Actualité et archéologie du Moyen-Orient et du monde de la Bible

Fouilles à Ashkelon : sauce romaine au menu

Christophe Lafontaine
18 décembre 2019
email whatsapp whatsapp facebook twitter version imprimable

Des fouilles près d'Ashkelon (Israël) ont révélé des aménagements de l’époque romaine dédiés à la production d’une sauce fameuse, proche du nuoc-mâm vietnamien ! Des restes d’une église byzantine ont également été retrouvés.


Les us et les goûts romains se sont répandus dans tout l’empire, il y a 2000 ans. Et n’ont pas concerné seulement la mode, l’architecture, mais sont allés jusqu’au fond des assiettes. C’est ce que vient confirmer une récente découverte réalisée et annoncée via communiqué par l’Autorité des Antiquités d’Israël (AAI), au sud d’Ashkelon, ville sur la côte méditerranéenne en Israël.

Les chercheurs y ont en effet retrouvé d’anciennes cuves du Ier siècle ap. J.-C. destinées à la production d’une antique sauce de poisson, appelée « garum ». Les Romains, riches comme pauvres, en raffolaient. L’historien romain, Pline l’Ancien, la mentionne régulièrement dans son « Histoire naturelle ». Et la sauce a fait des émules en Terre Sainte, puisqu’elle y a été produite et consommée.
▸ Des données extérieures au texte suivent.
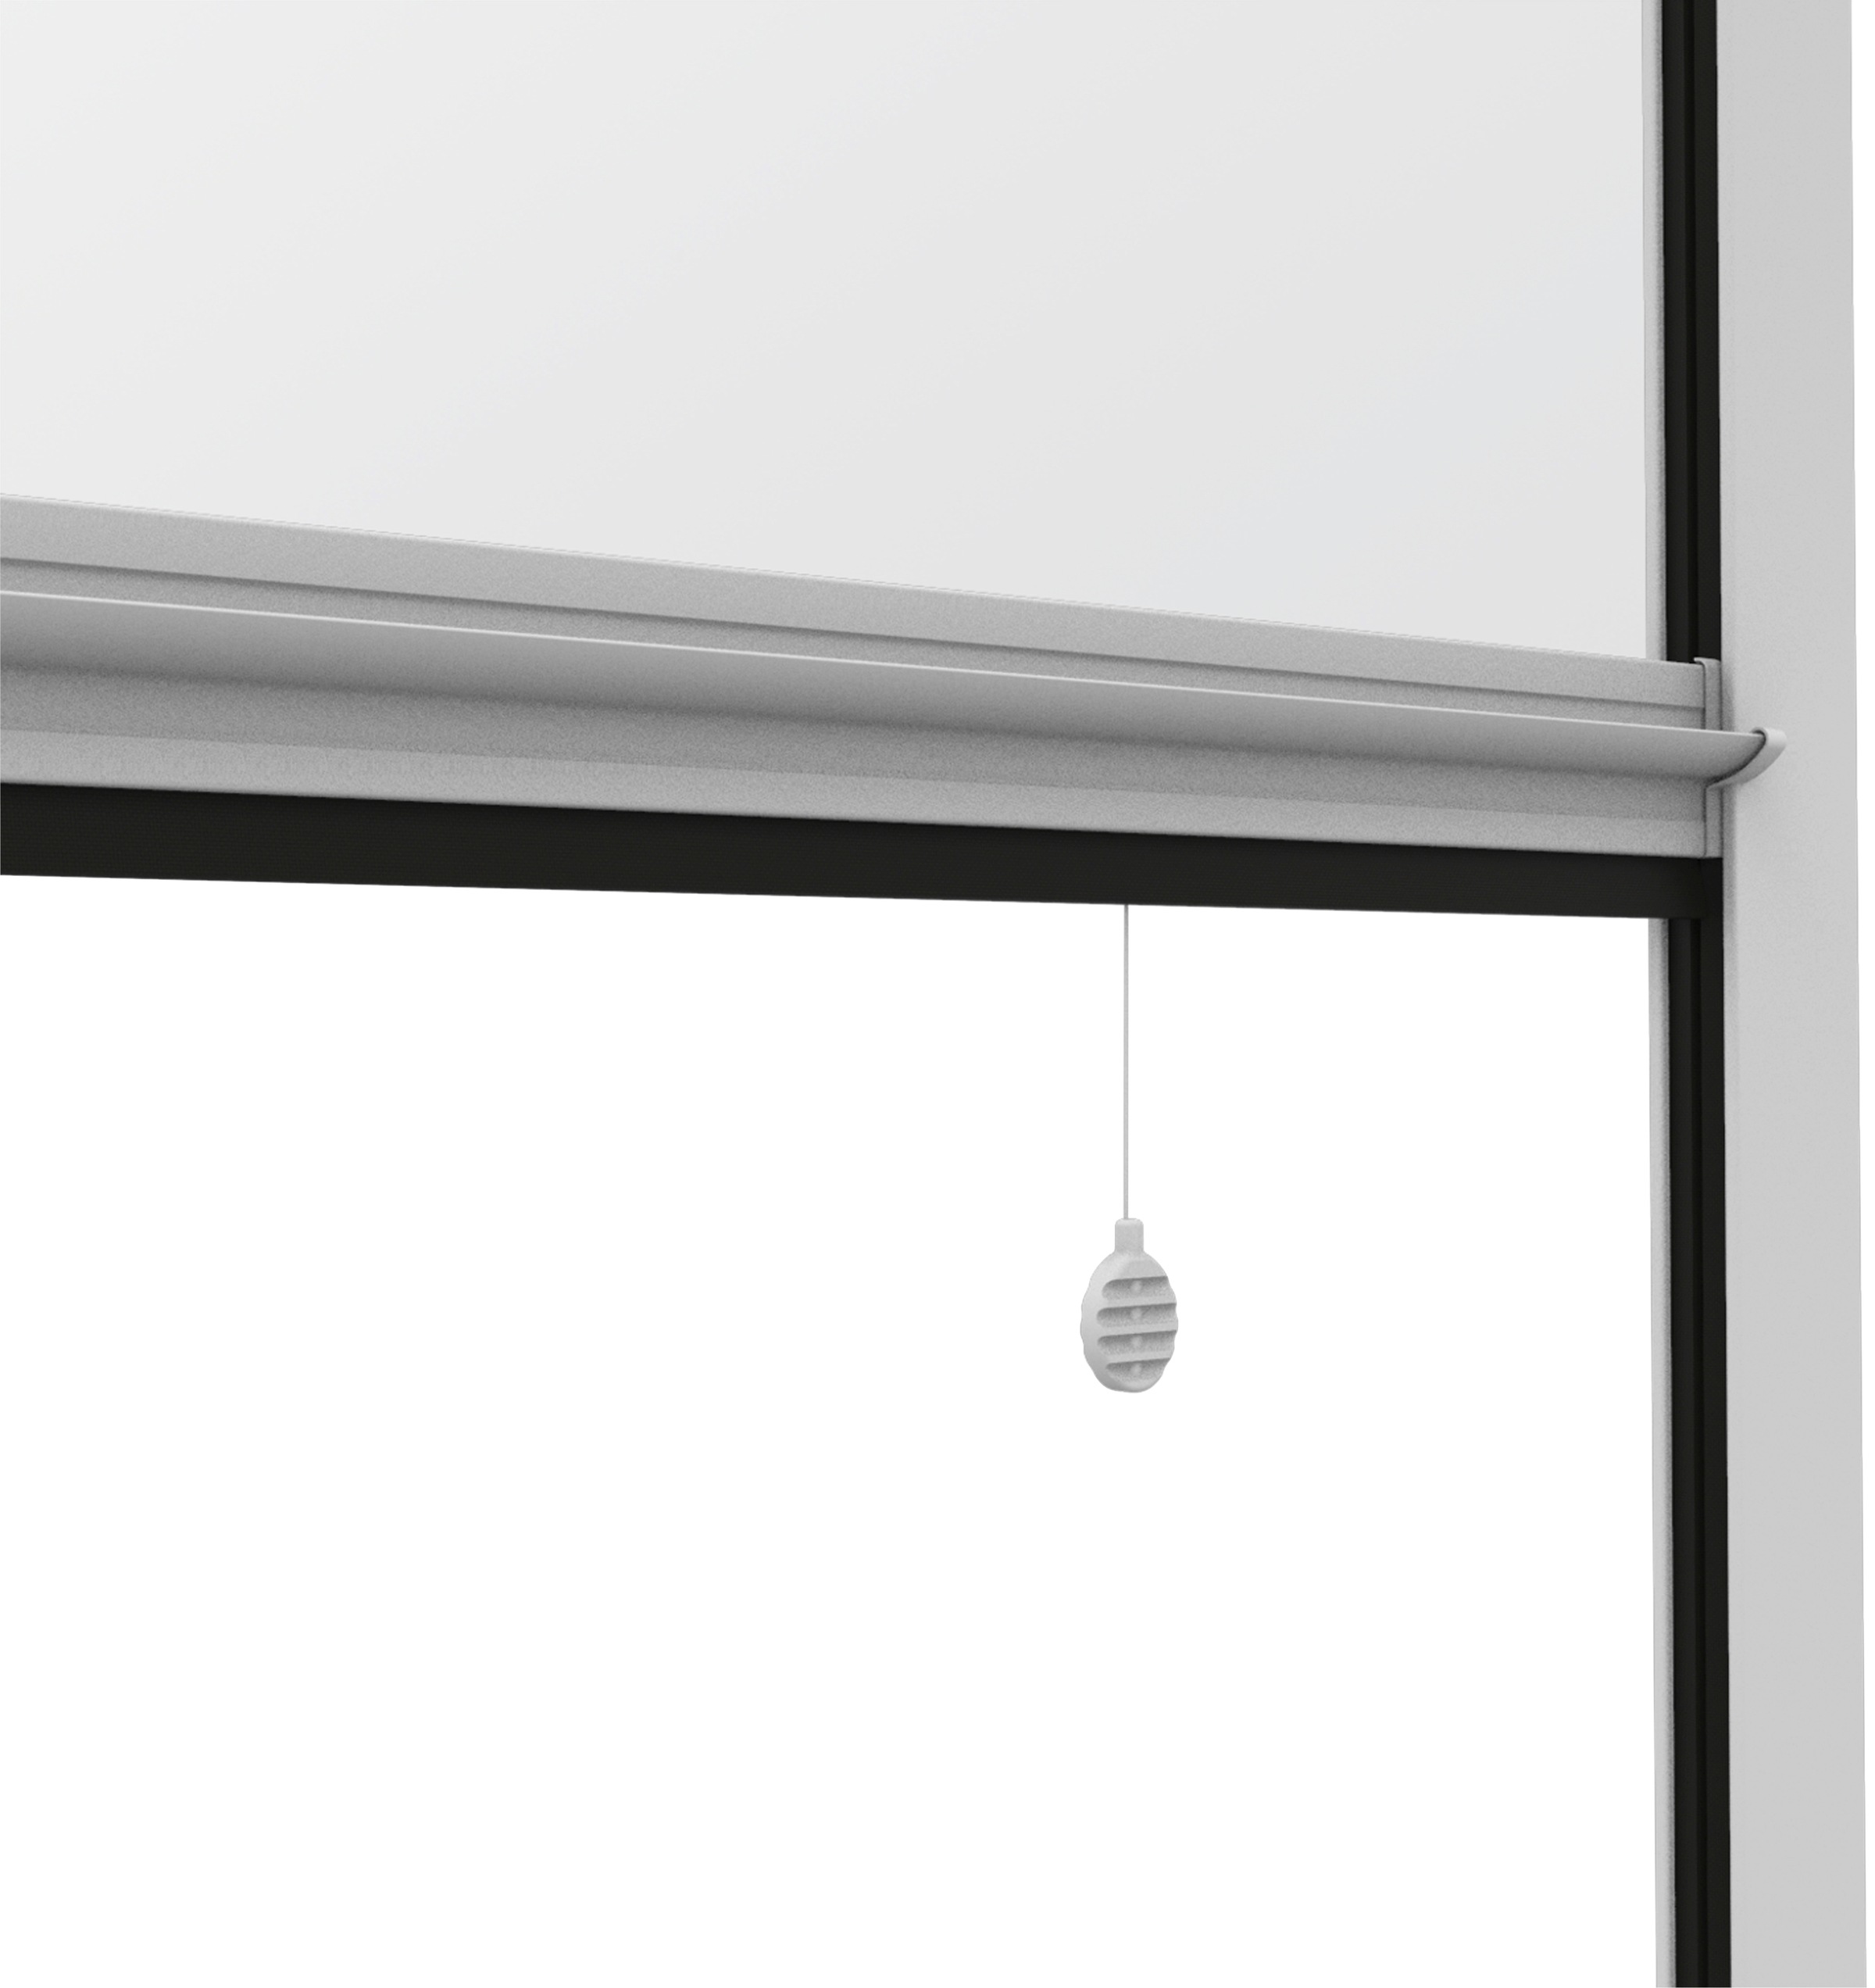 Windhager Insektenschutz-Fensterrahmen »Rollo Basic«, BxH: 160x160 cm, kürzbar, inkl. Befestigungsmaterial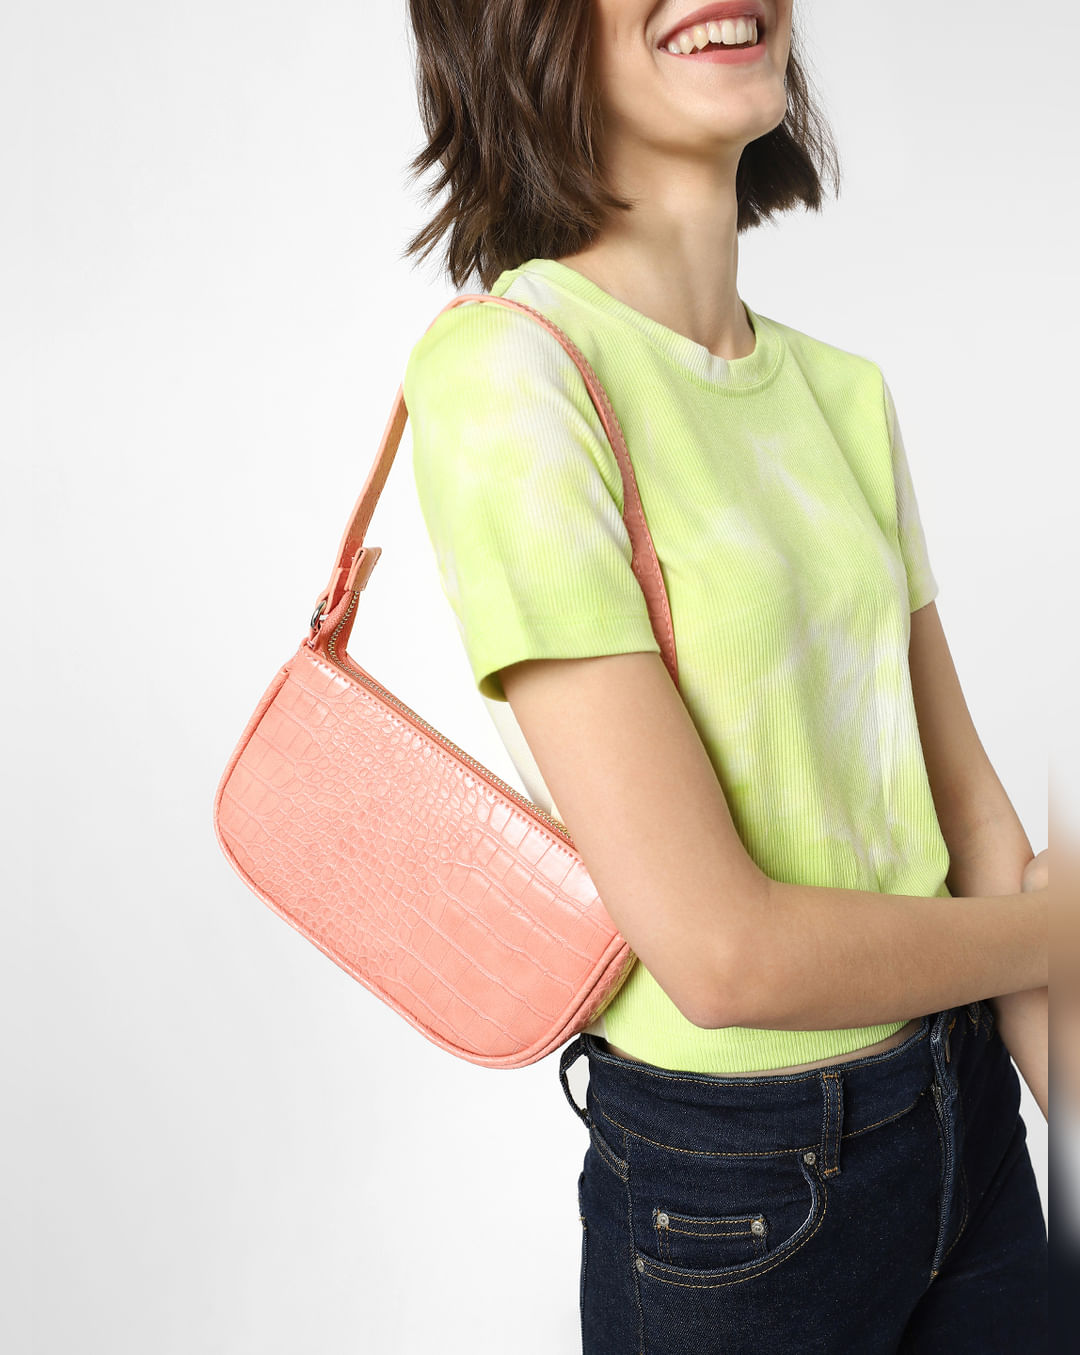 Pu Leather Shoulder Bag For Women, Simple Design Buckle Decor

Aussi populaire que notre ketchup moderne mis un peu à toutes les sauces, le garum – visqueux et très salé – était utilisé pour la plupart des plats dans le régime méditerranéen, aux périodes romaines comme byzantines. Il était principalement composé de chair ou de viscères de poisson (parfois de crustacés), ayant fermenté longtemps dans beaucoup de sel, afin d’éviter toute putréfaction. Le goût du garum s’approchant ainsi de celui du nuoc-mâm vietnamien !Parfois, du vin, de l’huile ou du poivre pouvaient être ajoutés.

Une découverte rare en Méditerranée orientale

« Des sources anciennes font même référence à la production de garum juif », a déclaré dans le communiqué de l’AAI, le Dr. Erickson-Gini. Le Times of israel explique qu’alors la sauce était connue sous le nom « garum castimonarium » qui était garantie à base de poisson casher et sans crustacés.

Bien qu’il s’agisse d’un aliment de base de l’Empire romain, les archéologues ont retrouvé peu de fabriques dédiées à la production de garum romain. Les sites connus se trouvent principalement en Italie et en Espagne.

En ce sens, les cuves de fermentation d’Ashkelon sont ainsi parmi les rares découvertes en la matière. Qui plus est en Méditerranée orientale, malgré la longue présence des Romains dans la région. Dor serait le seul autre endroit identifié en Israël qui pourrait avoir produit du garum, a déclaré le Dr Erickson-Gini dans les colonnes du Times of Israel.

Usage local et fortes odeurs

Le journal rapporte aussi que « d’après les fouilles effectuées jusqu’à présent, le site d’Ashkelon n’était pas une usine importante et était peut-être largement destiné à un usage local ».

Dans le communiqué de l’AAI, le Dr Tali Erickson-Ginia fait savoir que des sources anciennes, décrivant la préparation de garum « rapportent que les fortes odeurs qui accompagnaient sa production exigeaient qu’elle soit éloignée des zones résidentielles ». Pour preuve, pour ne pas incommoder les habitants, l’élaboration du condiment odorant avait lieu à deux kilomètres de l’ancienne ville d’Ashkelon. De fait, les boyaux de poissons séchés au soleil puis macérant des jours et des jours, rendaient l’atmosphère pestilentielle !

Reconversion du site à l’époque byzantine

Le site romain a ensuite été abandonné. Mais la zone étant favorable à la viticulture, une communauté monastique byzantine s’y établit au Vème siècle ap. J.-C. Trois pressoirs construits à côté d’une église décorée avec soin en sont le dernier témoignage. A noter que peu d’éléments de l’église sont arrivés jusqu’à notre époque. Des fragments architecturaux trouvés sur place montrent toutefois qu’elle était décorée de nombreux marbres sculptés et mosaïques.

A proximité, les archéologues ont mis au jour un grand complexe de fours utilisé pour produire des jarres à vin. Apparemment destinées à l’exportation. Principal revenu du monastère, selon le communiqué de l’AAI.

Le site « a de nouveau été abandonné quelque temps après la conquête islamique de la région au VIème siècle ap. J.C. et les familles nomades arrivées plus tard, résidant probablement dans des tentes, ont démantelé les structures et vendu les différentes pièces pour fournir du matériau de construction ailleurs » explique le Dr. Tali Erickson-Gini.

Pour les curieux, l’AAI ouvrira gratuitement le site aux visiteurs, le 22 décembre.